> _TASK DETAILS_
Copy exactly, and copy nothing else: the line that contains "WOLVERINE Men's Cabor" and all lines after it in the listing, without pictures.

*** Opening of DATASET EXTRACT ***

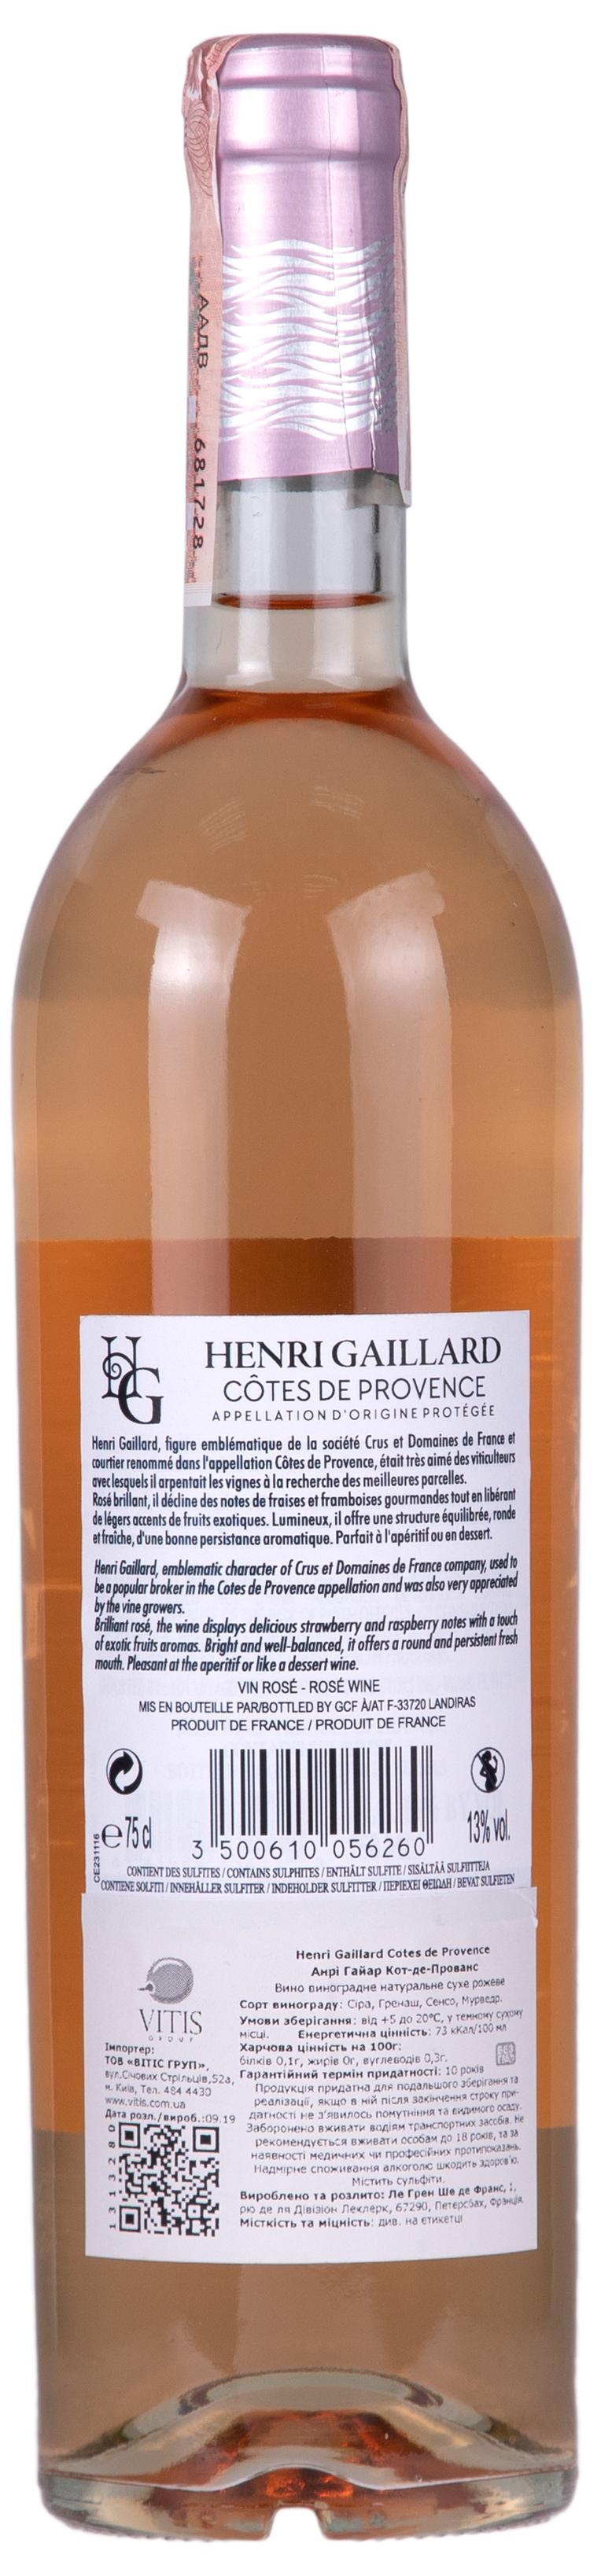 Henri Gaillard Rose Cotes de Provence 2018 Set 6 Bottles - 2
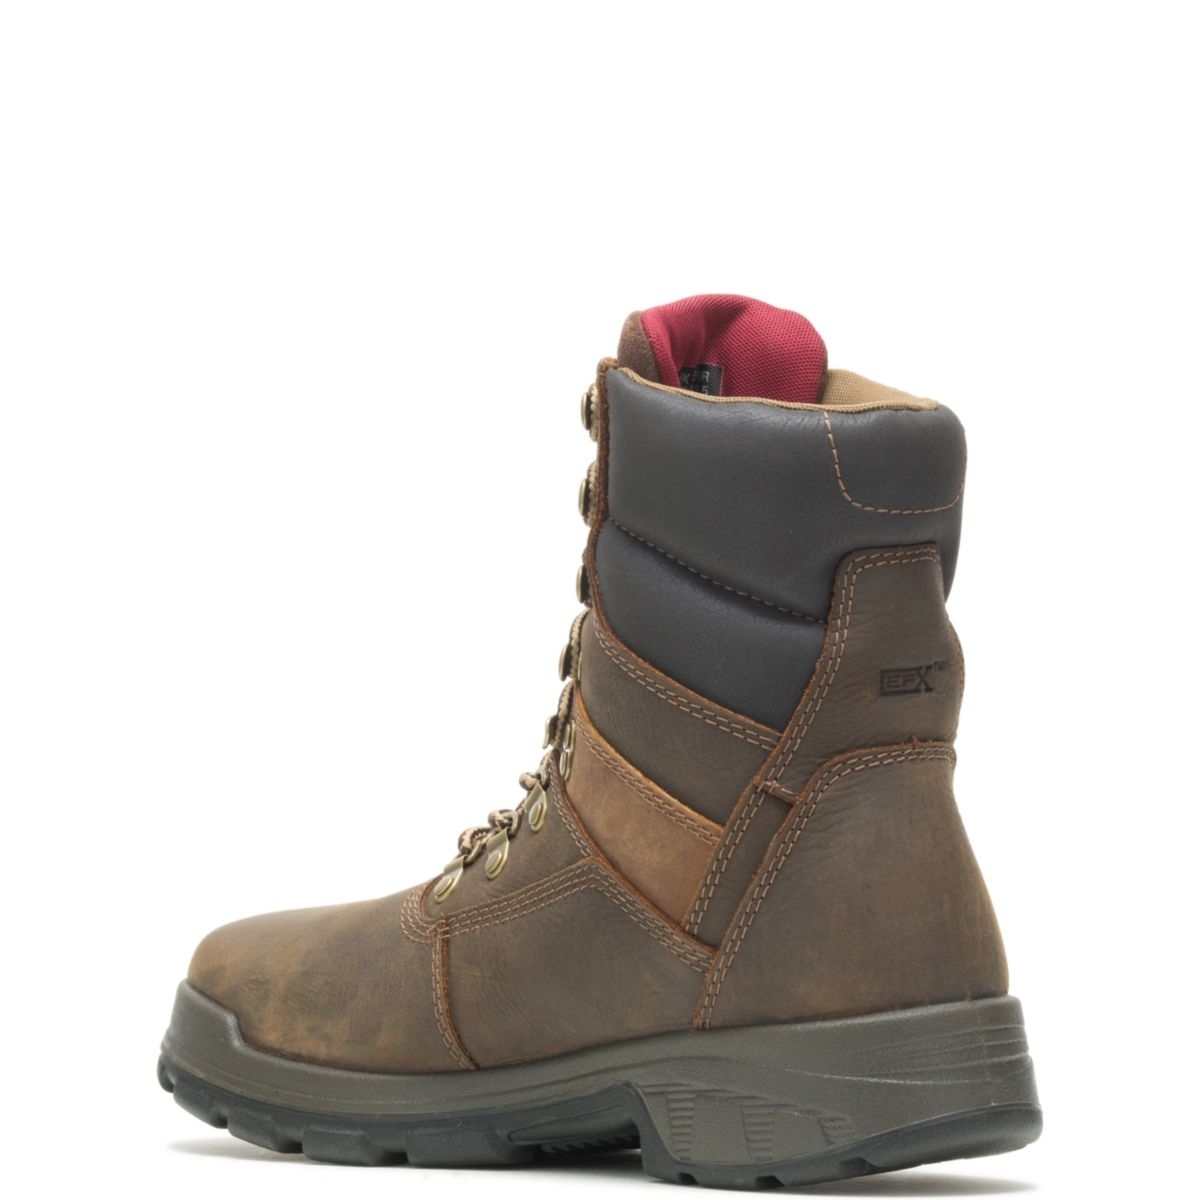 WOLVERINE Men's Cabor EPXÂ® 8 Waterproof Composite Toe Work Boot Dark Brown - W10316 BROWN - BROWN, 10.5-D
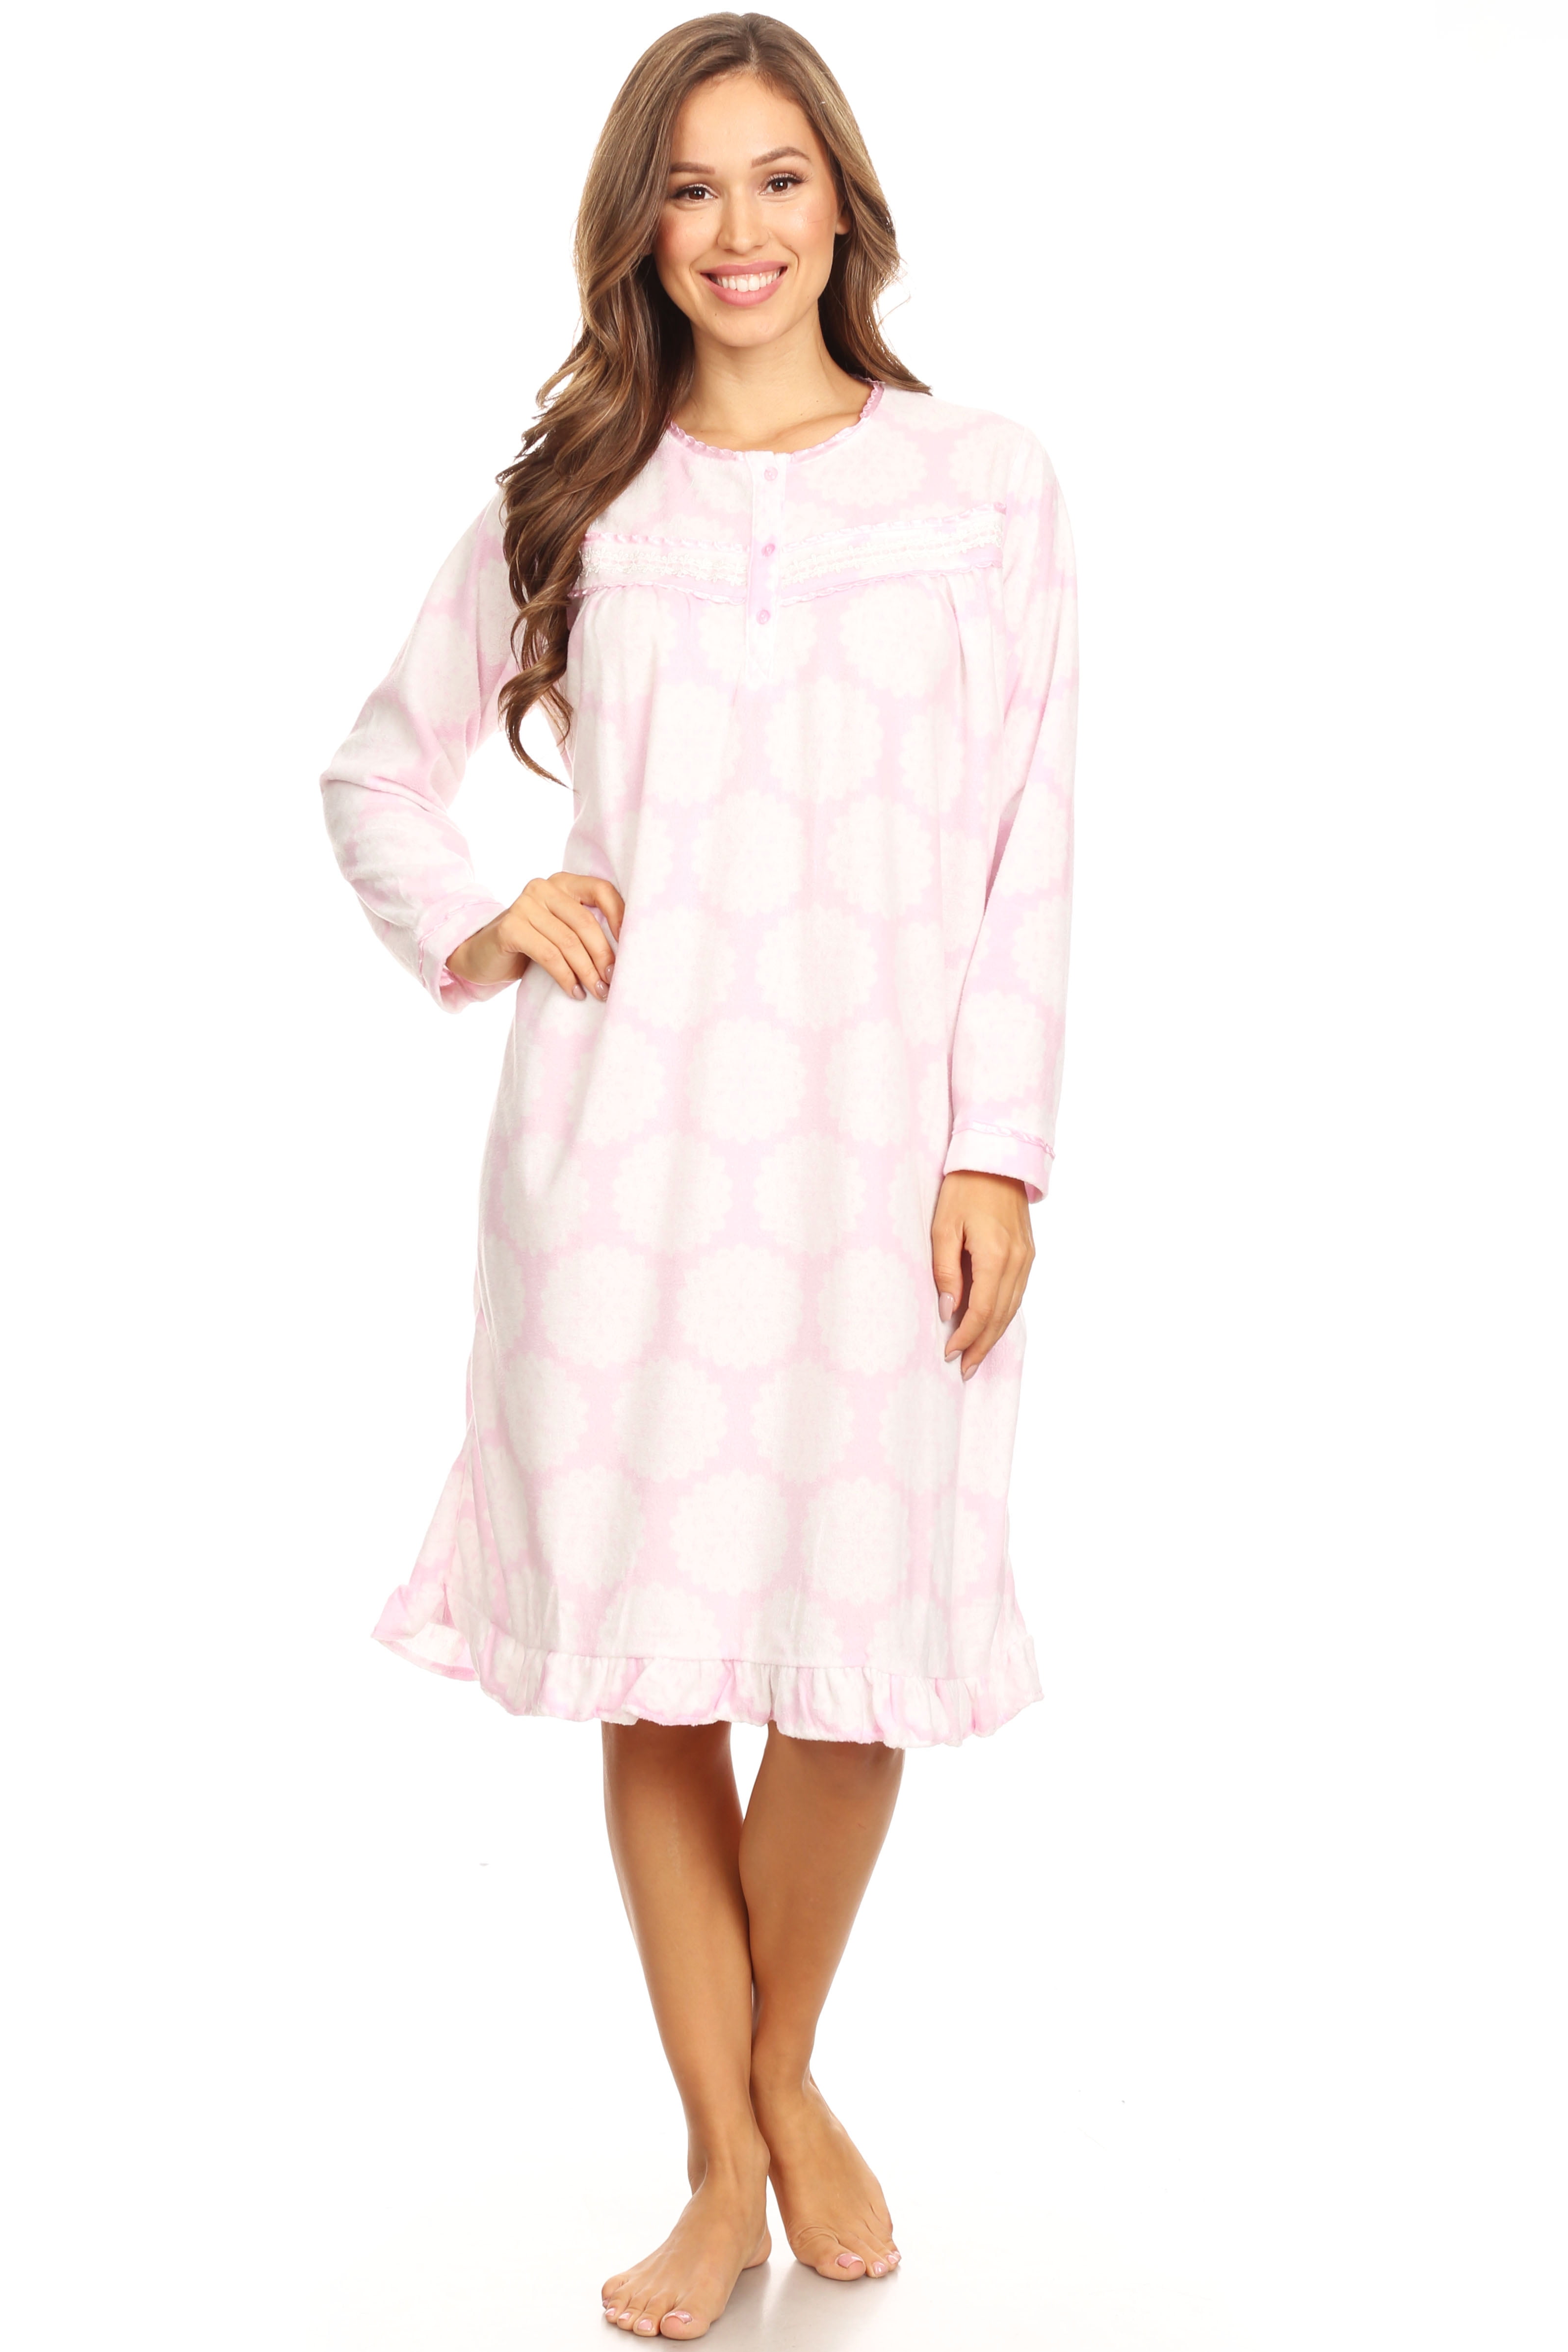 Lati Fashion Fleece Women Nightgown Sleepwear Pajamas Female Long ...

*** Close of DATASET EXTRACT ***

> _RESPONSE BELOW_
 WOLVERINE Men's Cabor EPXÂ® 8 Waterproof Composite Toe Work Boot Dark Brown - W10316 BROWN - BROWN, 10.5-D
 Lati Fashion Fleece Women Nightgown Sleepwear Pajamas Female Long ...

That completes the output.